Erstens: Es soll eine Reduktion der Totalkosten um 30 bis 40 Prozent angestrebt werden, «was im Vergleich mit Gemeinden mit Zentrumsfunktionen möglich sein sollte».

Zweitens: Die Zusammenarbeit mit Aarau wird als problematisch erachtet, da die Informatik der Stadt Aarau ähnlich überteuert wie Baden sei, und es unklar sei, «wie aus der Zusammenlegung zweier überteuerter IT-Organisationen eine effiziente resultieren soll». Dies werde selbst vom Projektteam bestätigt, das eine Kostenreduktion von unter 5 Prozent in Aussicht stelle, was gemessen an den Risiken nicht vertretbar erscheine. «Wir erwarten, dass vor einer Zusammenlegung mit der Stadt Aarau, externe Outsourcing-Offerten eingeholt werden. Es gibt IT-Dienstleister, die sich auf das Outsourcing der gesamten Stadtinformatik spezialisiert haben und hier eine Kernkompetenz haben», sagt Brandmaier.

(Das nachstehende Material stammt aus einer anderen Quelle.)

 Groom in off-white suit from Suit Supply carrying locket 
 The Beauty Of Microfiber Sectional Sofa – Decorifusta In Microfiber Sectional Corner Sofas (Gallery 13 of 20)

Und drittens: Die IT-Kosten würden stark durch die Anforderungen der Abteilungen getrieben. «Andere Gemeinden wie etwa Solothurn verrechnen deshalb alle IT-Kosten an die jeweiligen Abteilungen.» Die Abteilungen hätten dadurch zwecks Optimierung ihrer Kostenbasis einen starken Anreiz, ihre IT-Kosten gering zu halten, und würden so ihre Sonderanforderungen reduzieren, sind die Postulanten überzeugt. «Eine vollständige Verrechnung der IT-Kosten an die Abteilungen ist sinnvoll», ist Brandmaier überzeugt.